Batching is also faster than individual calls. One HTTP request instead of three round trips.
LibSQL vs SQLite
LibSQL is a strict superset of SQLite. Everything SQLite does, LibSQL does. The differences are all additions:
| Feature | SQLite | LibSQL |
|---|---|---|
| SQL compatibility | Full | Full (same engine) |
| Network access | No (embedded only) | HTTP and WebSocket server |
| Concurrent clients | Single process | Multiple clients over network |
| Replication | Not built-in | Embedded replicas that sync from primary |
| Vector search | Requires extensions | Native F32_BLOB type and distance functions |
| ALTER TABLE | Limited | Extended (e.g., drop column backfill) |
| File format | .db / .sqlite | Compatible with SQLite format |
If your app runs as a single process and doesn't need any of those additions, plain SQLite is simpler with zero network overhead. But if you need network access, concurrent clients, replication, or vector search, LibSQL gives you all of that without leaving the SQLite ecosystem.
When to Use LibSQL
LibSQL fits naturally into several architectures:
- Local-first apps with server sync: embedded replica on the client, syncing from a remote primary. Instant reads, no network latency, writes replicate in the background
- Edge applications: embedded replicas at edge locations, each syncing from a central primary. Low-latency reads worldwide
- Apps that need SQL and vector search together: skip the separate vector database. LibSQL handles both in one process
- Multi-service architectures: several services querying the same data? Server mode means concurrent connections without file locking
- Any SQLite use case that outgrows a single process: when you need network access, replication, or concurrent writers, LibSQL is a drop-in upgrade
Wrapping Up
That covered a lot of ground: table creation, inserts, keyword queries, JSON functions, vector similarity, and batch transactions. Almost all of it was standard SQL. The only LibSQL-specific bits are F32_BLOB, vector_distance_cos(), and client.batch().
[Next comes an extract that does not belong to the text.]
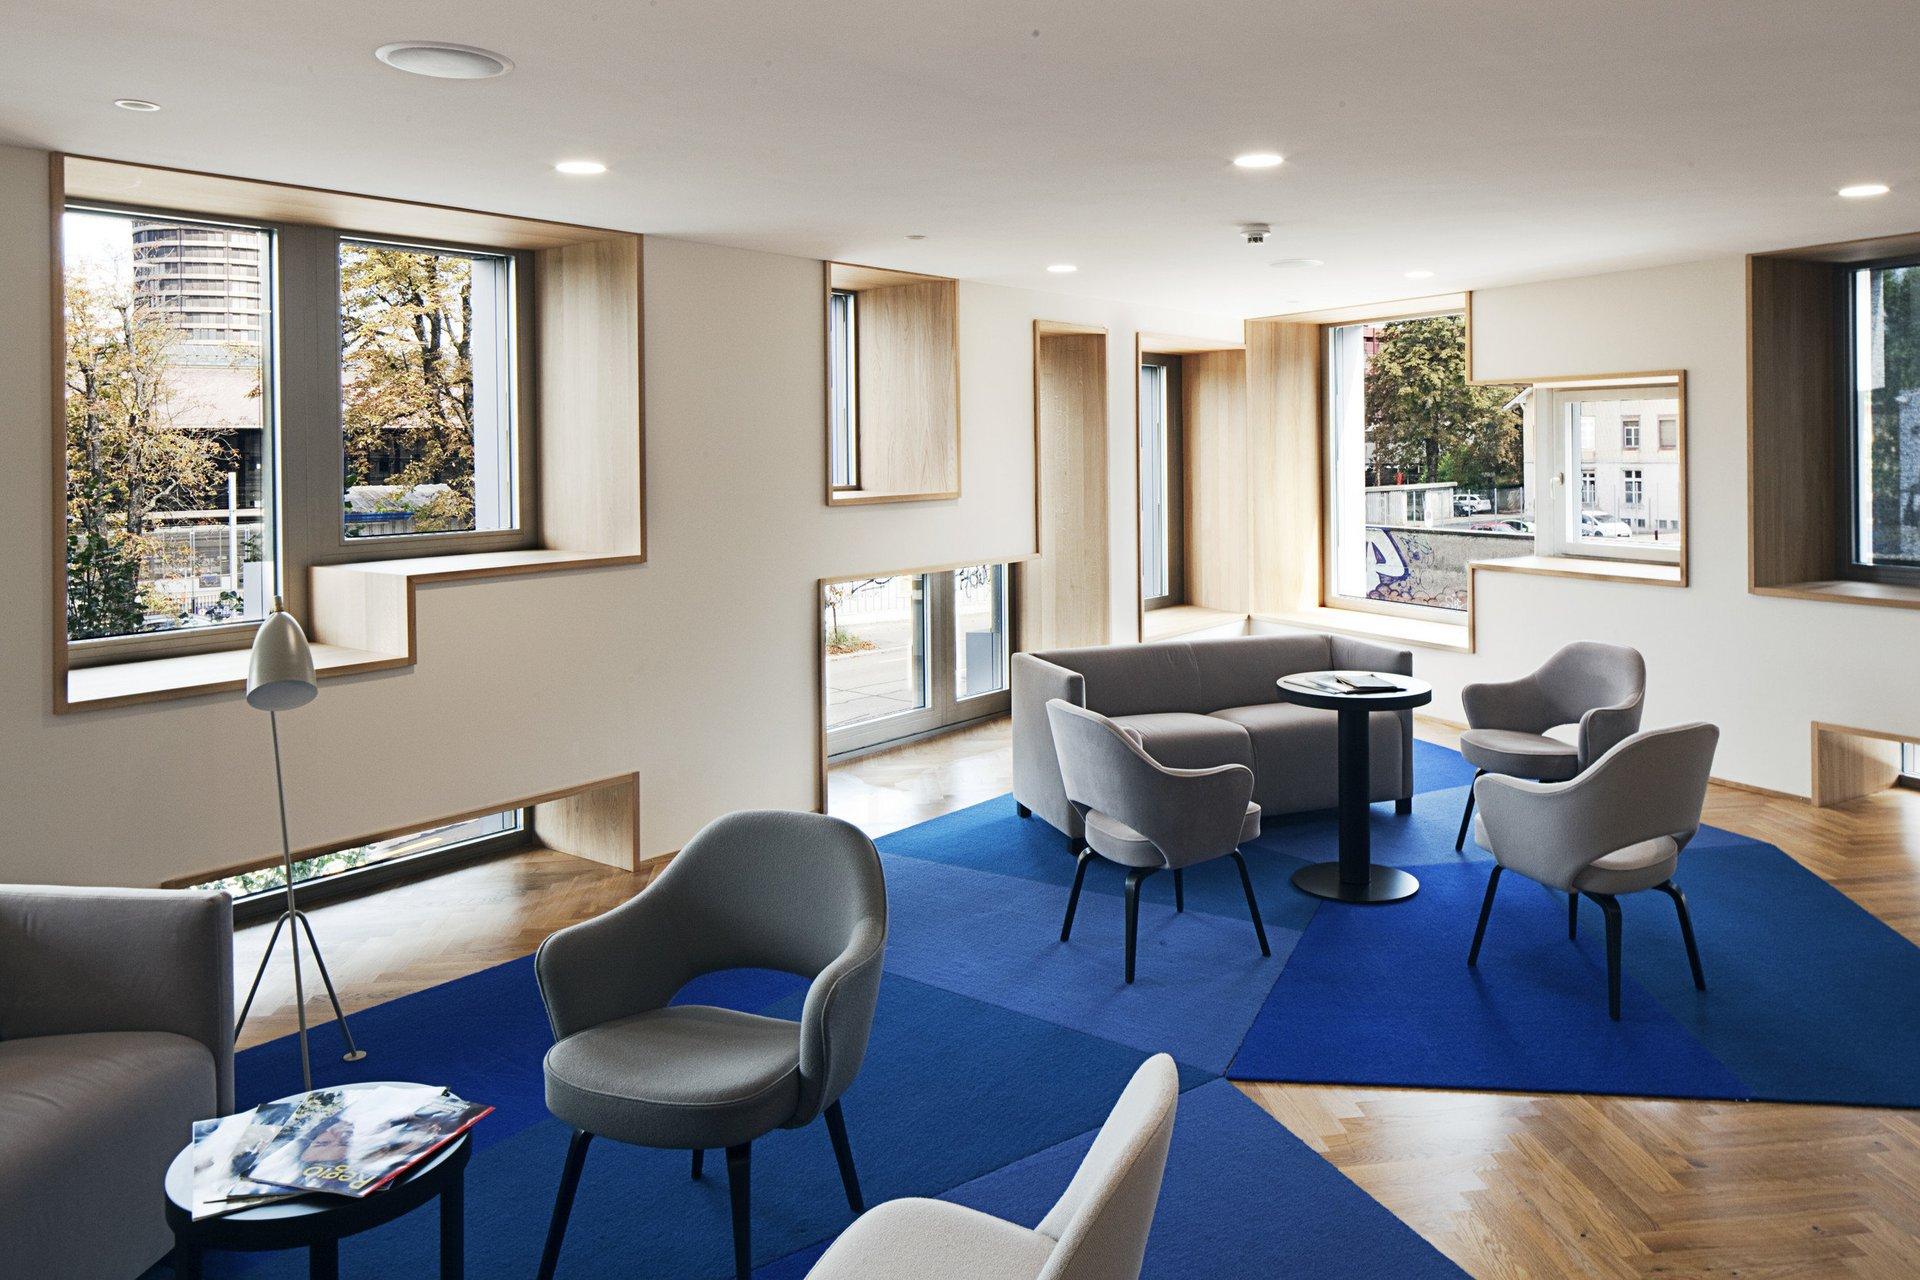 Möbilierter Raum mit geometrischen Fenstern als grosse Lichtquelle

The LibSQL documentation covers embedded replicas, extensions, and the HTTP API. The @libsql/client README has detailed TypeScript examples.
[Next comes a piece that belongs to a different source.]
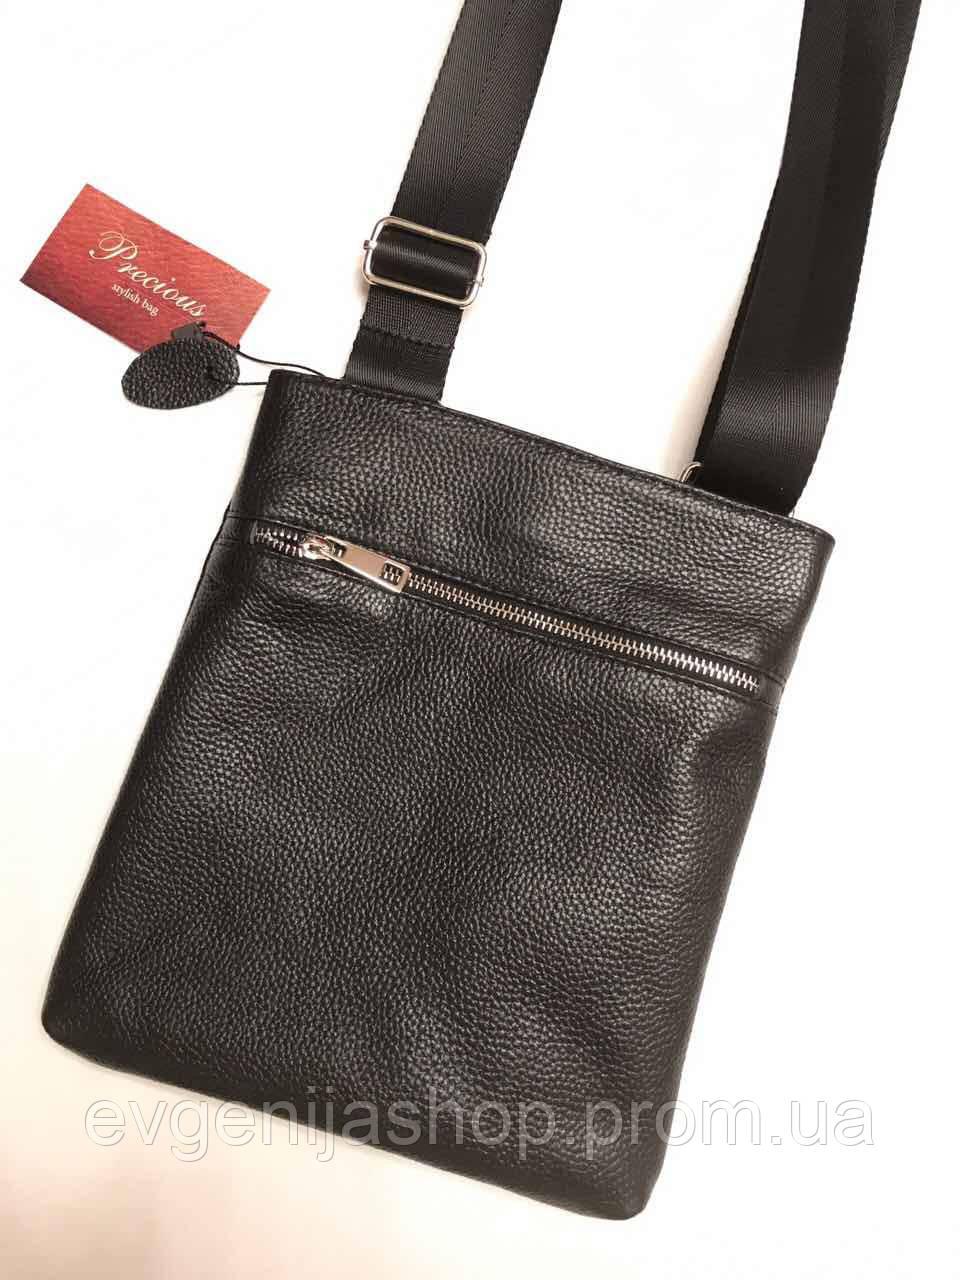 40cb3ba29559 Мужская сумка планшетка. Кожа - Интернет-магазин Evgenija_shop в Кривом Роге

To manage your local LibSQL instance:
spindb stop libsql1 # Stop the server
spindb start libsql1 # Start it again
spindb list # See all your database instancesSpinDB works with 20+ engines, so you can run Redis for caching or Qdrant for heavier vector workloads right alongside LibSQL, all from one CLI. Layerbase Desktop wraps the same functionality in a macOS app if you prefer that.